To find the volume of water left in the cylinder, we first calculate the volume of the solid (cone plus hemisphere) and then subtract it from the volume of the cylinder.
The volume of the cone is (1/3)πr²h = (1/3)π×60×120. The volume of the hemisphere is (2/3)πr³ = (2/3)π×60³.
The volume of the cylinder is πr²h = π×60²×180.
Subtracting the combined volume of the cone and hemisphere from the volume of the cylinder gives the volume of water left in the cylinder. This calculation determines how much space the solid occupies in the cylinder, thereby displacing a corresponding volume of water.
Let’s discuss in detail
Volume Displacement in Fluid Mechanics
The problem presents a classic scenario in fluid mechanics and geometry: calculating the volume of water displaced by a solid object submerged in a cylinder. This is a practical application of the principle of displacement, first discovered by Archimedes. The solid object in question is a composite shape, consisting of a right circular cone standing on a hemisphere, both with a radius of 60 cm. The cone has a height of 120 cm. This solid is placed upright in a right circular cylinder, which is full of water. The cylinder has a radius of 60 cm and a height of 180 cm. The objective is to determine the volume of water remaining in the cylinder after the solid is submerged.
Understanding the Volume of the Cylinder
The first step in solving this problem is to calculate the total volume of the cylinder, which represents the initial volume of water. The formula for the volume of a cylinder is πr²h, where r is the radius and h is the height. For our cylinder, with a radius of 60 cm and a height of 180 cm, the volume is π × 60² × 180 cubic centimeters.
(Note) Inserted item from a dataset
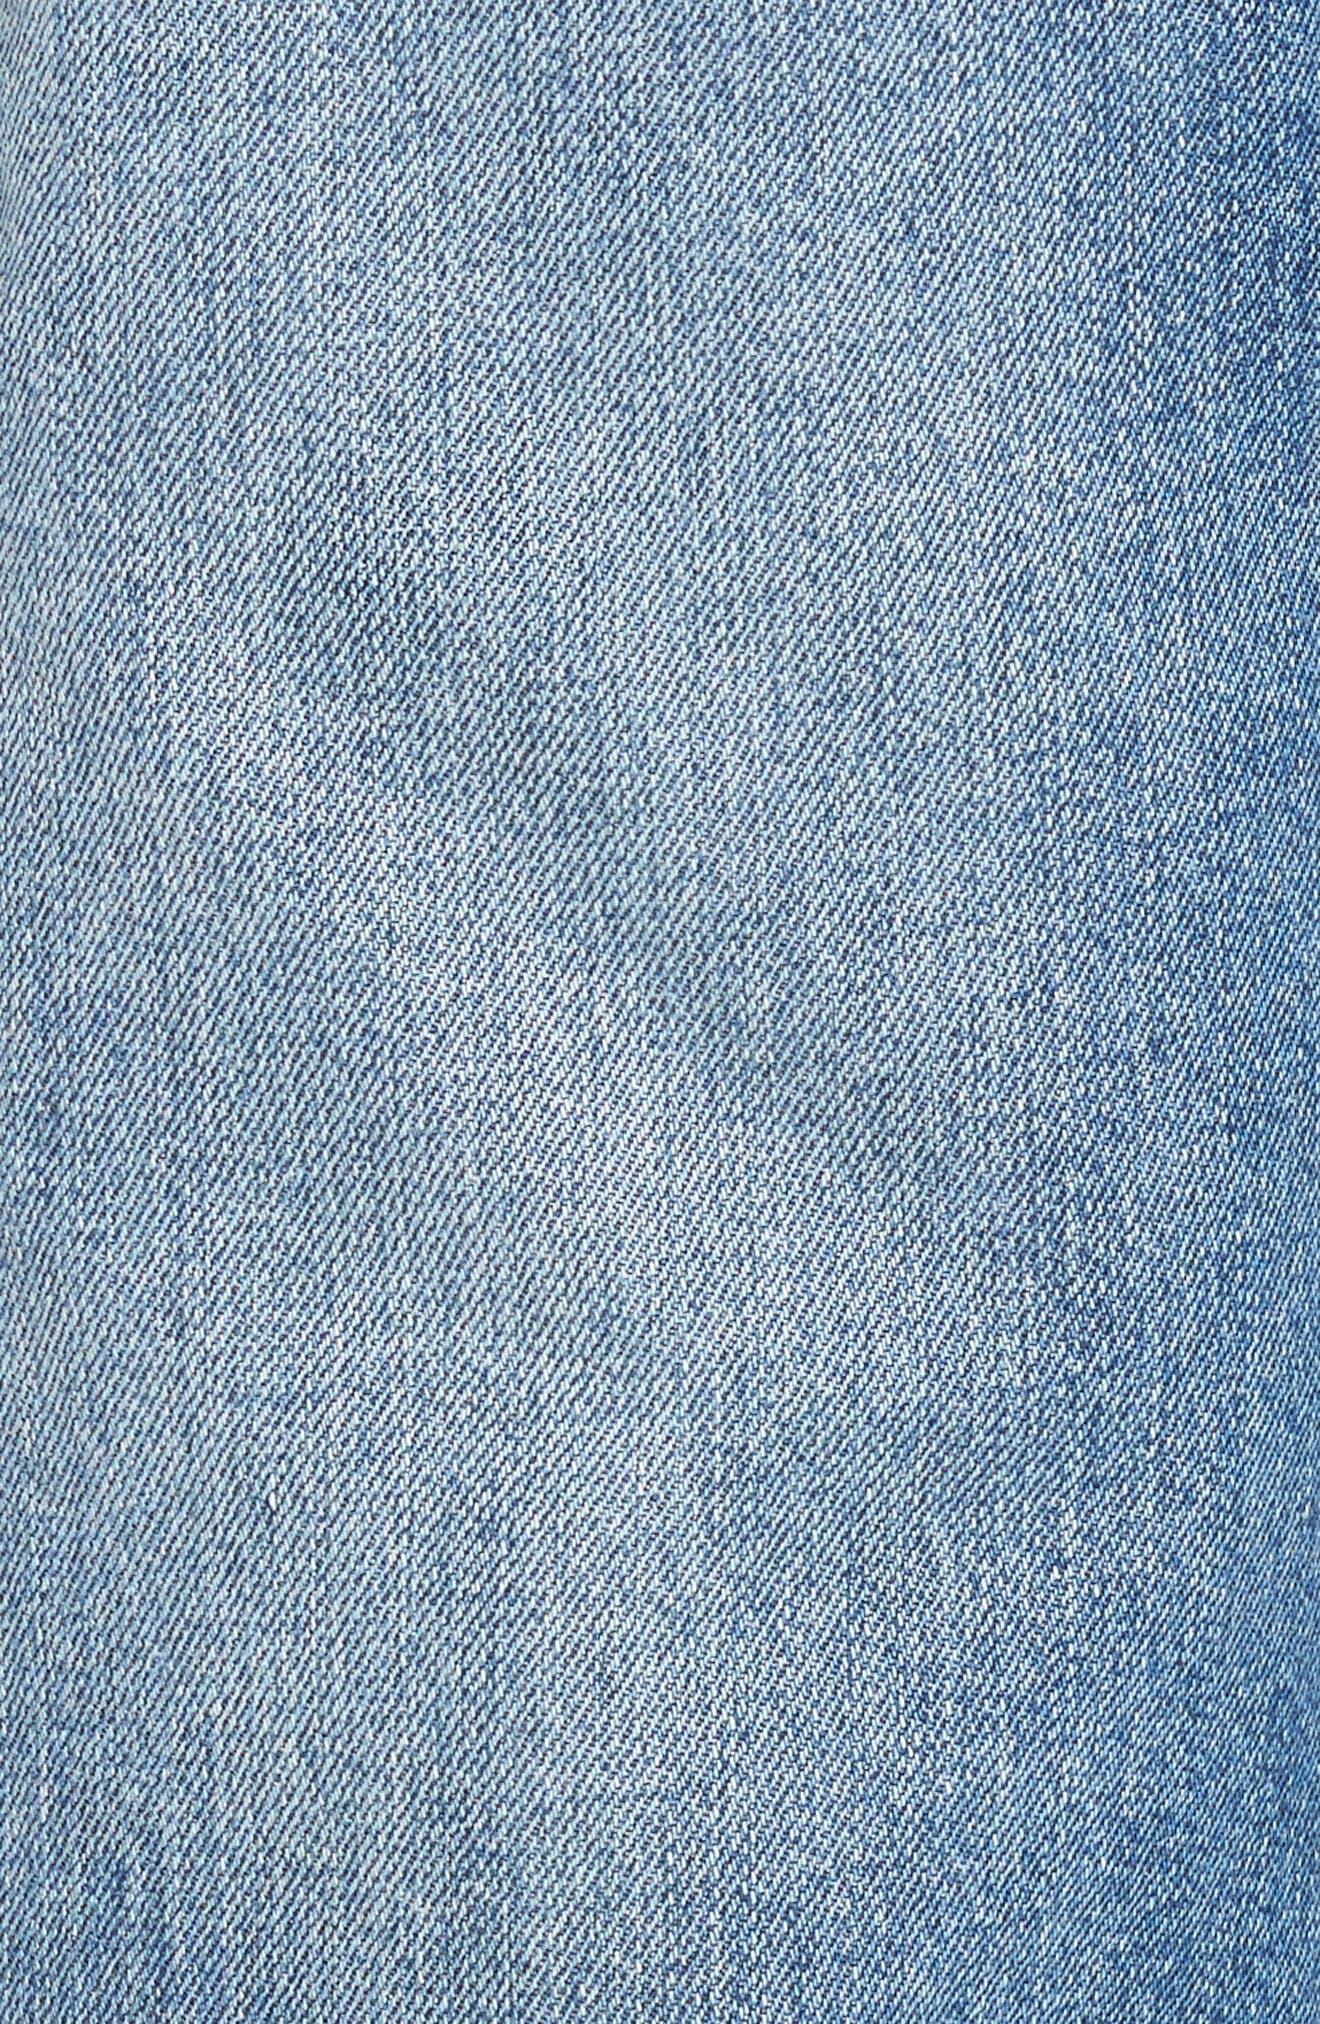 Barrel Jeans,                             Alternate thumbnail 6, color,                             420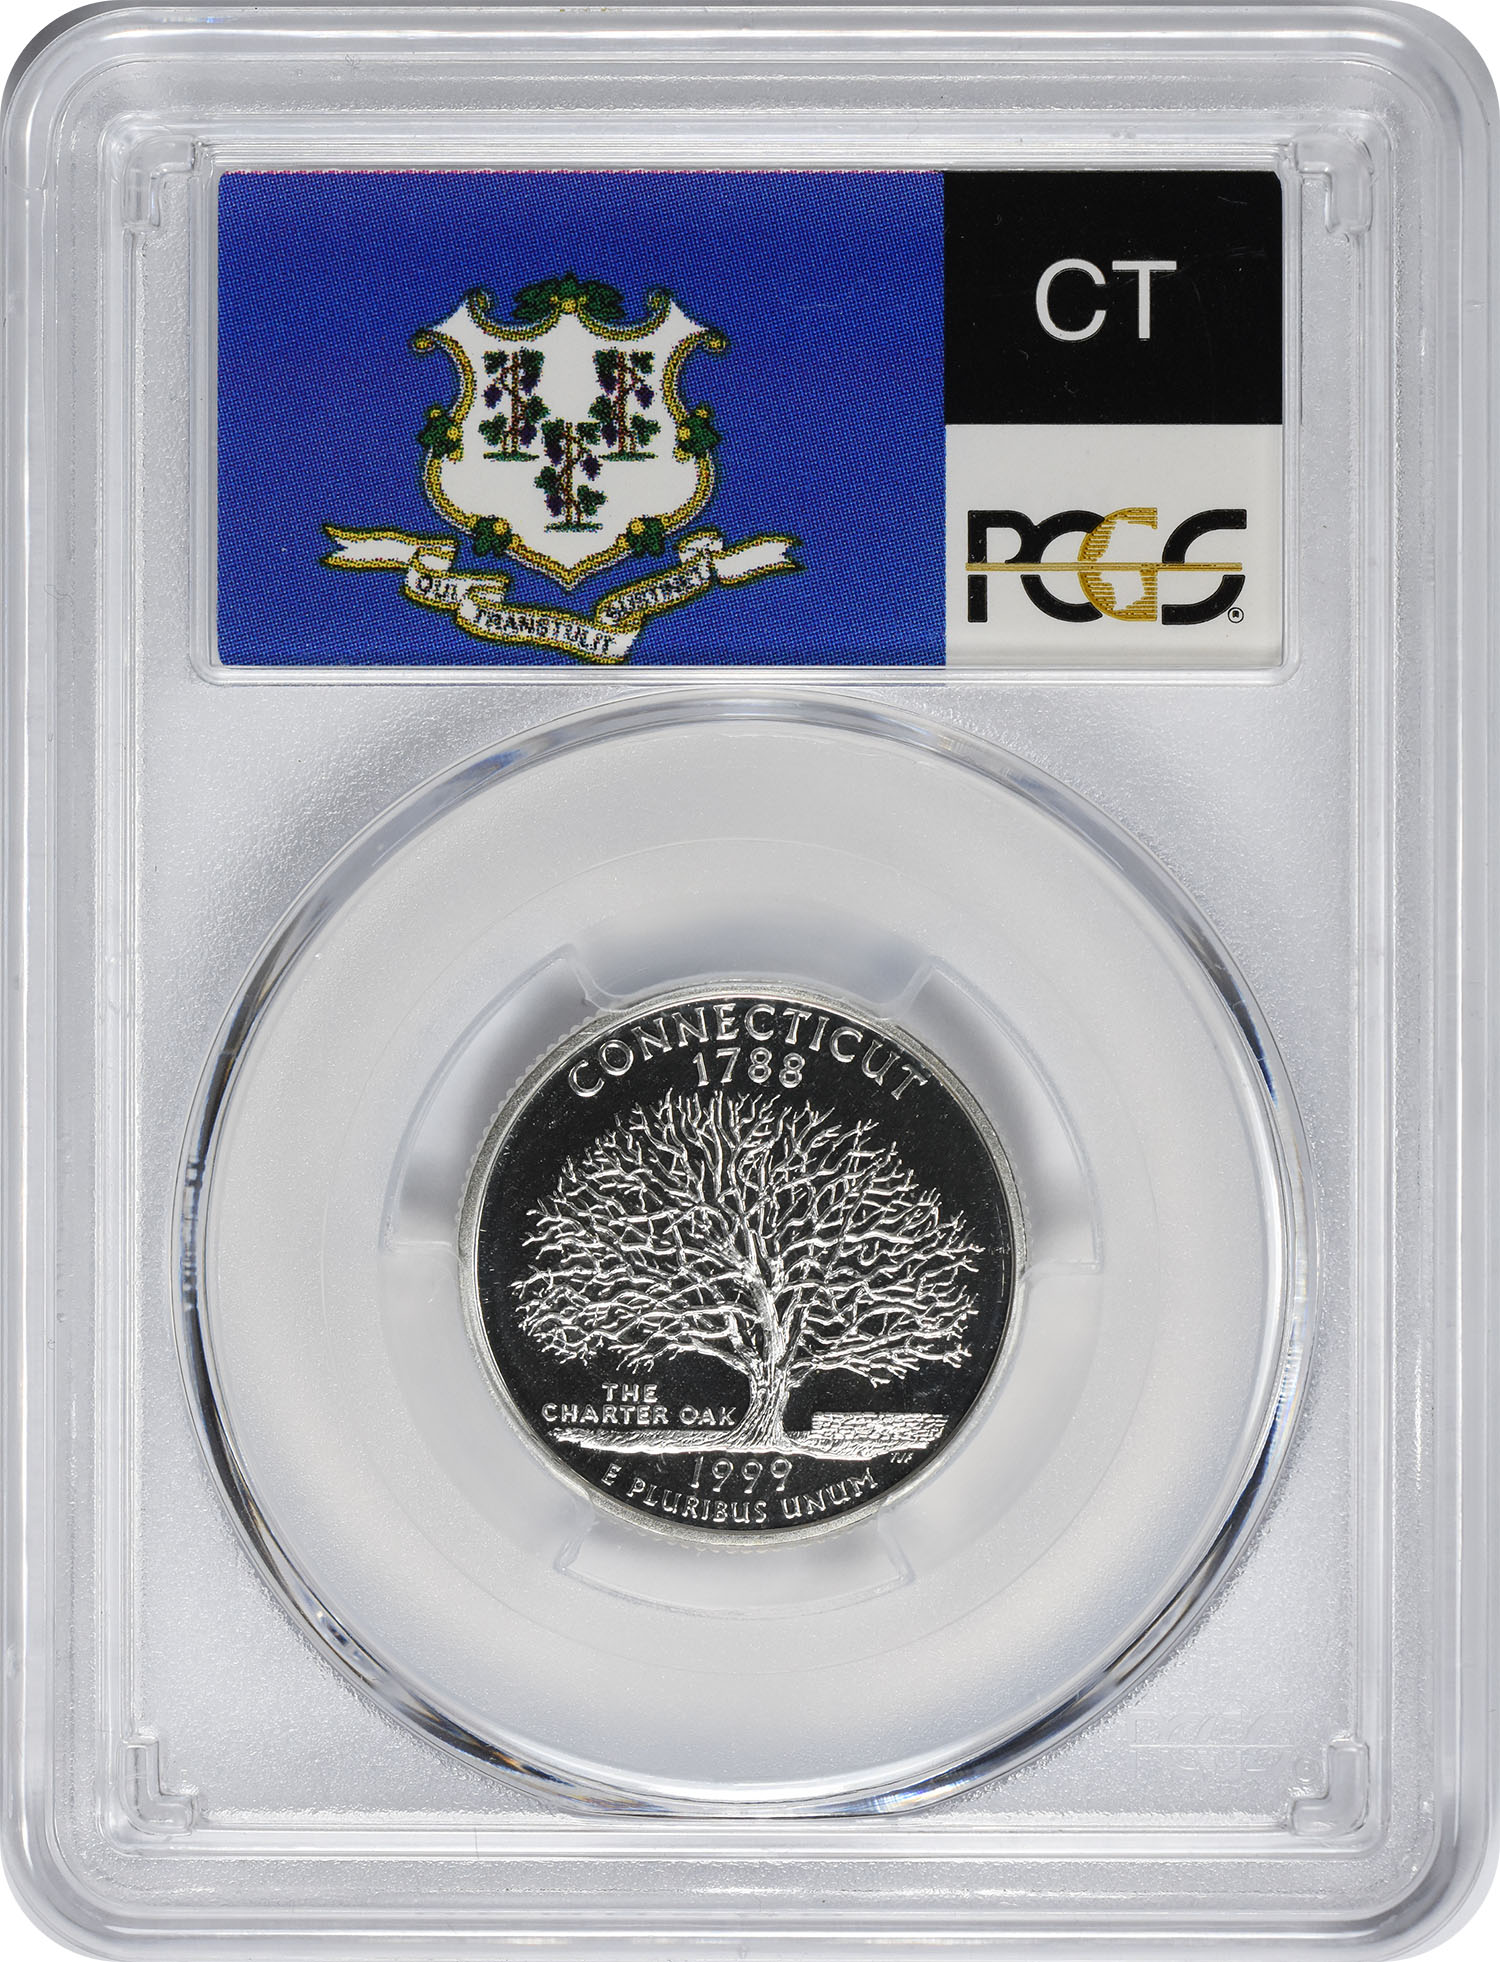 1999-S Connecticut State Quarter, PR69DCAM, Silver, PCGS

This volume is crucial as it sets the maximum capacity of water the cylinder can hold.
Calculating the Volume of the Cone
Next, we calculate the volume of the cone, which is part of the solid object submerged in the water. The formula for the volume of a cone is (1/3)πr²h. With a radius of 60 cm and a height of 120 cm, the volume of the cone is (1/3)π×60²×120 cubic centimeters. This volume is significant as it represents a portion of the space that the solid occupies in the cylinder.
Determining the Volume of the Hemisphere
The other part of the solid object is a hemisphere. The formula for the volume of a hemisphere is (2/3)πr³. With a radius of 60 cm, the volume of the hemisphere is (2/3)π×60³ cubic centimeters. This volume, combined with that of the cone, gives the total volume of the solid object that displaces the water in the cylinder.
Total Volume Displaced by the Solid
To find the total volume displaced by the solid, we add the volumes of the cone and the hemisphere. This total volume represents the amount of water that will be displaced when the solid is submerged in the cylinder. The principle of displacement states that the volume of fluid displaced by a submerged object is equal to the volume of the object. Therefore, the combined volume of the cone and hemisphere is the key to determining how much water is displaced from the cylinder.
Calculating the Volume of Water Left in the Cylinder
The final step is to calculate the volume of water left in the cylinder. This is done by subtracting the total volume displaced by the solid (the sum of the volumes of the cone and hemisphere) from the total volume of the cylinder. The result gives us the volume of water that remains in the cylinder after the solid object is submerged. This calculation is essential for understanding the relationship between the volume of a submerged object and the volume of fluid it displaces.
Practical Applications of Displacement and Volume Calculations
In conclusion, this exercise demonstrates the practical application of geometric principles and the principle of displacement in fluid mechanics. It highlights the importance of understanding the volumes of various shapes and how they interact with fluids. Such calculations are crucial in fields like engineering, design, and physics, where understanding the behavior of fluids and solids in confined spaces is essential. This problem-solving approach not only reinforces the understanding of geometric calculations but also illustrates the real-world applications of these concepts in understanding and predicting the behavior of physical systems.